A linha que separa a produção e o consumo rural e os típicos bens de consumo urbano acaba por ficar cada vez mais tênue e faz com que, numa região relativamente pequena como a do Vale do Taquari, haja em torno de 40 sedes de municípios ou pequenas zonas urbanas, sendo que mais de 20 delas contam com menos de 5 mil habitantes cada uma. Todos, residentes urbanos ou rurais, usufruindo de padrões de consumo muito semelhantes, cenário bastante diferente do verificado nesta mesma região há algumas décadas.
Outra característica social que emerge desse modelo de desenvolvimento são as entidades ou organizações da sociedade civil criadas para a superação dos desafios enfrentados ao longo do tempo. Num primeiro momento, não é o Estado, mas a própria sociedade que busca e cria alternativas para resolver seus principais gargalos econômicos e sociais. Assim, o cooperativismo, o associativismo e a integração comunitária são responsáveis por inúmeras iniciativas, sejam elas no enfrentamento de questões puramente econômicas ou iniciativas ligadas à saúde, à educação e ao bem-estar social.

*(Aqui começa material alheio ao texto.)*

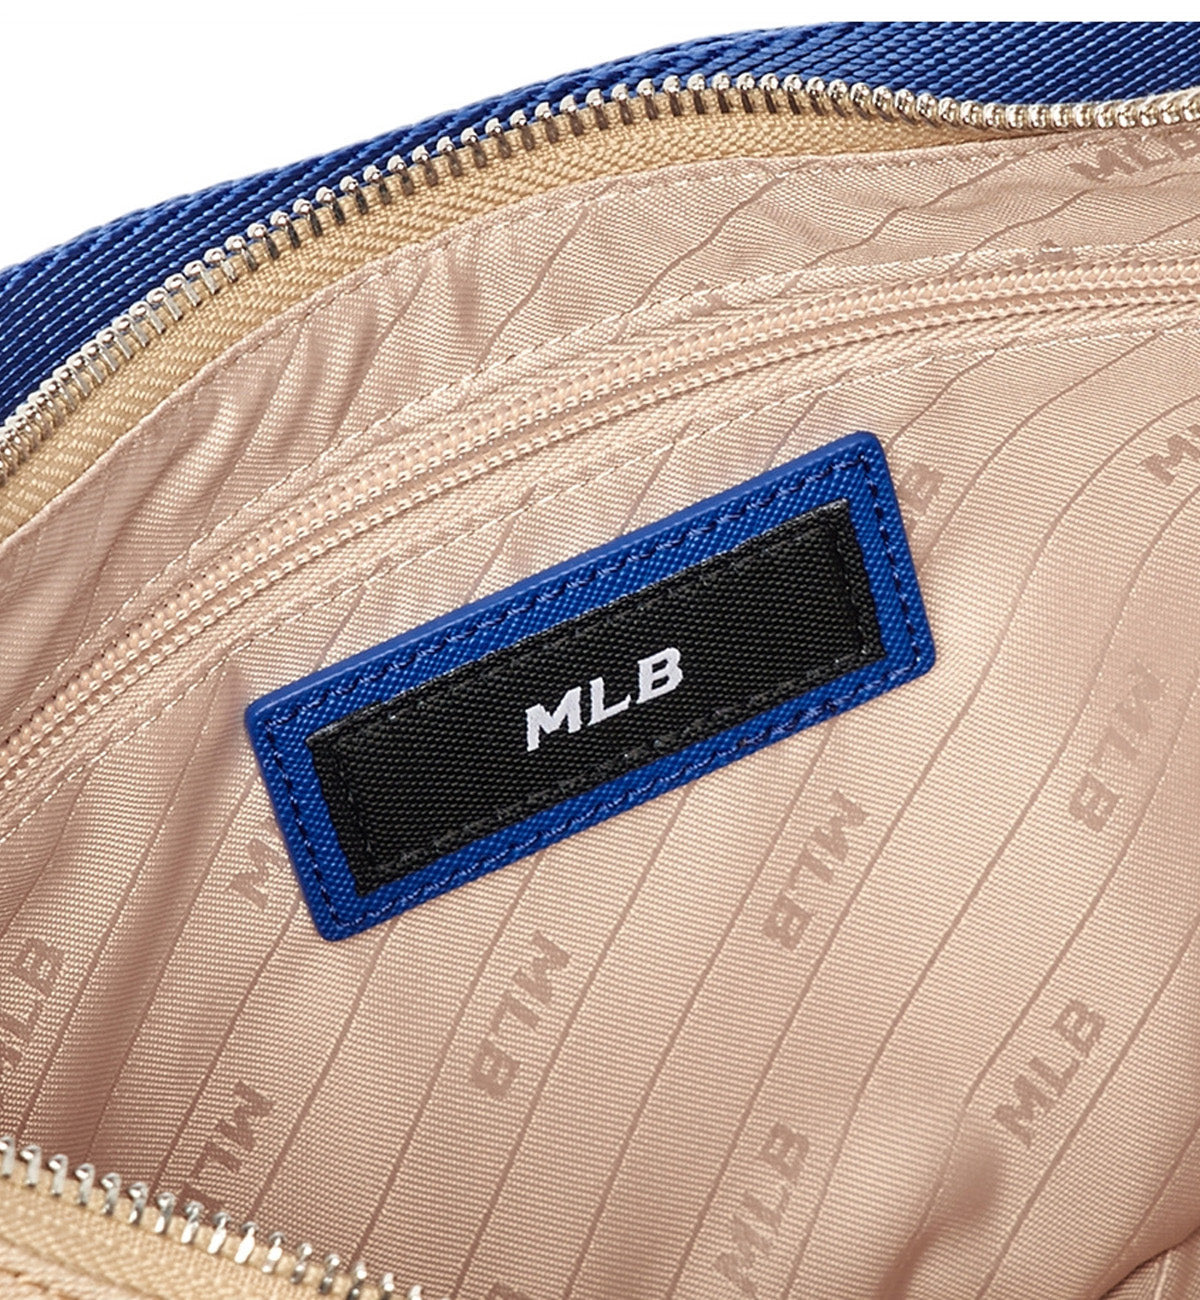 MLB Big Classic Monogram Jacquard L-Hobo Bag (Beige Blue)

Neste espaço do Vale do Taquari, as cooperativas agroindustriais, de crédito, de saúde, juntamente com as entidades comunitárias que mantêm hospitais, escolas e a universidade, clubes sociais e de lazer, são as principais organizações que dão dinamismo não só econômico, mas também social.
[Na imagem, reunião que referendava Ney Lazzari como reitor em 1999.]

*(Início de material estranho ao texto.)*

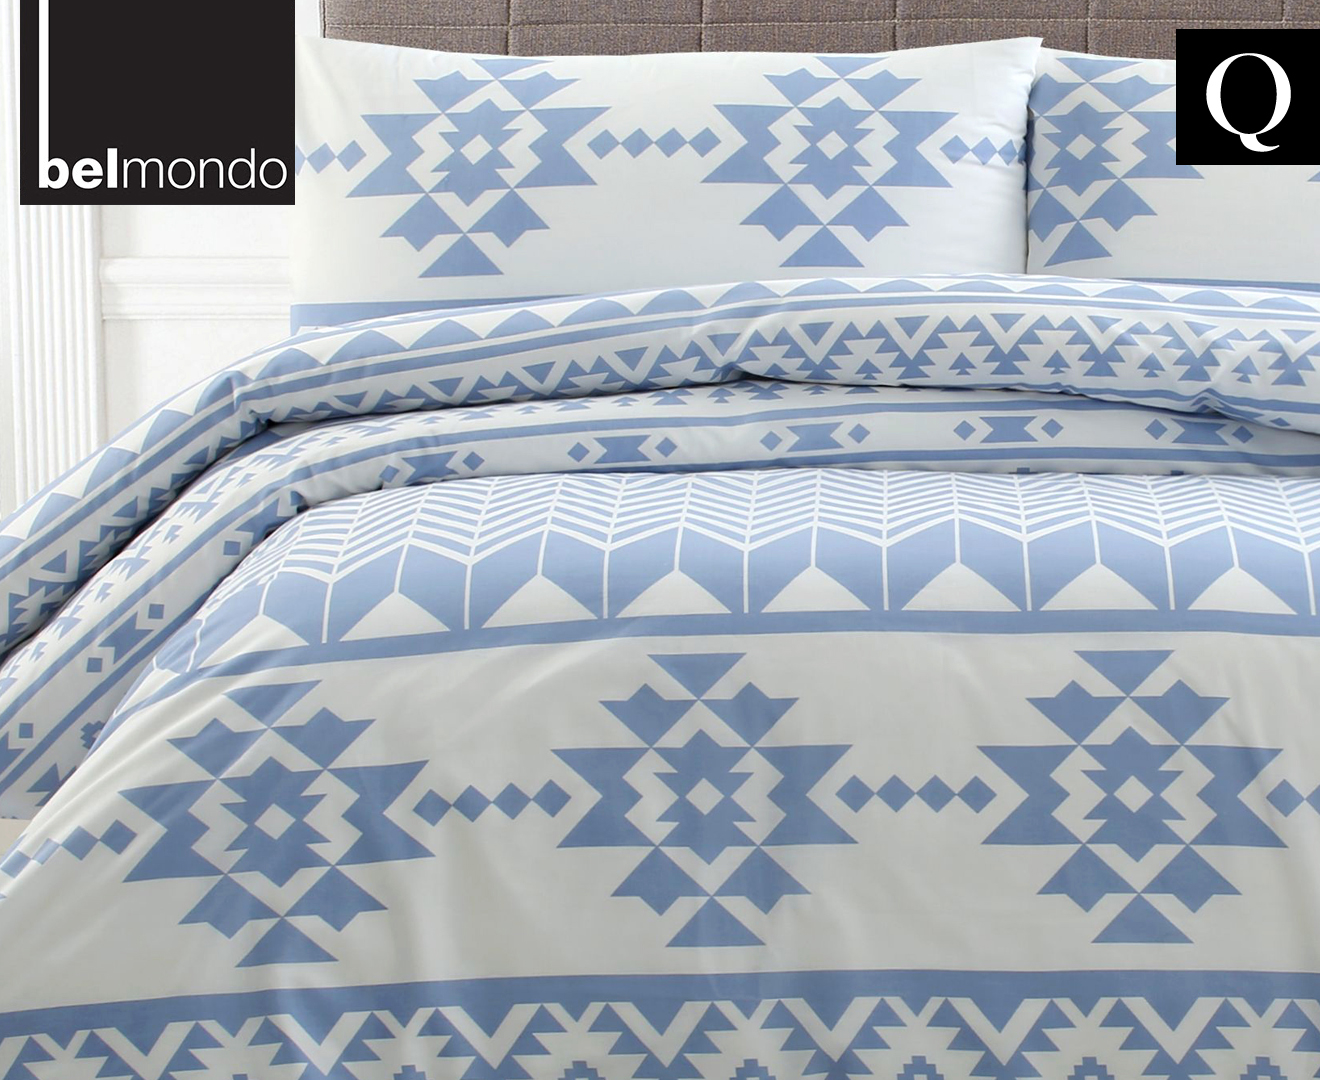 Belmondo Home Kura Queen Bed Quilt Cover Set - Blue/White

Pequena propriedade familiar, produção de alimentos com qualidade, iniciativas comunitárias para a resolução de problemas e ética do trabalho são instituições e valores que compõem as bases em que se alicerça o Vale do Taquari. Essas características são, ao mesmo tempo, as molas propulsoras para o desenvolvimento da região e as travas para que o Vale dê grandes saltos. Há um processo que avança de forma relativamente constante e sólida, sem grandes rupturas ou sobressaltos. Esse modelo, com sua dinâmica interna, se retroalimenta e se manterá nesse padrão relativamente confortável enquanto fatores externos não o põem em cheque. Mas até quando?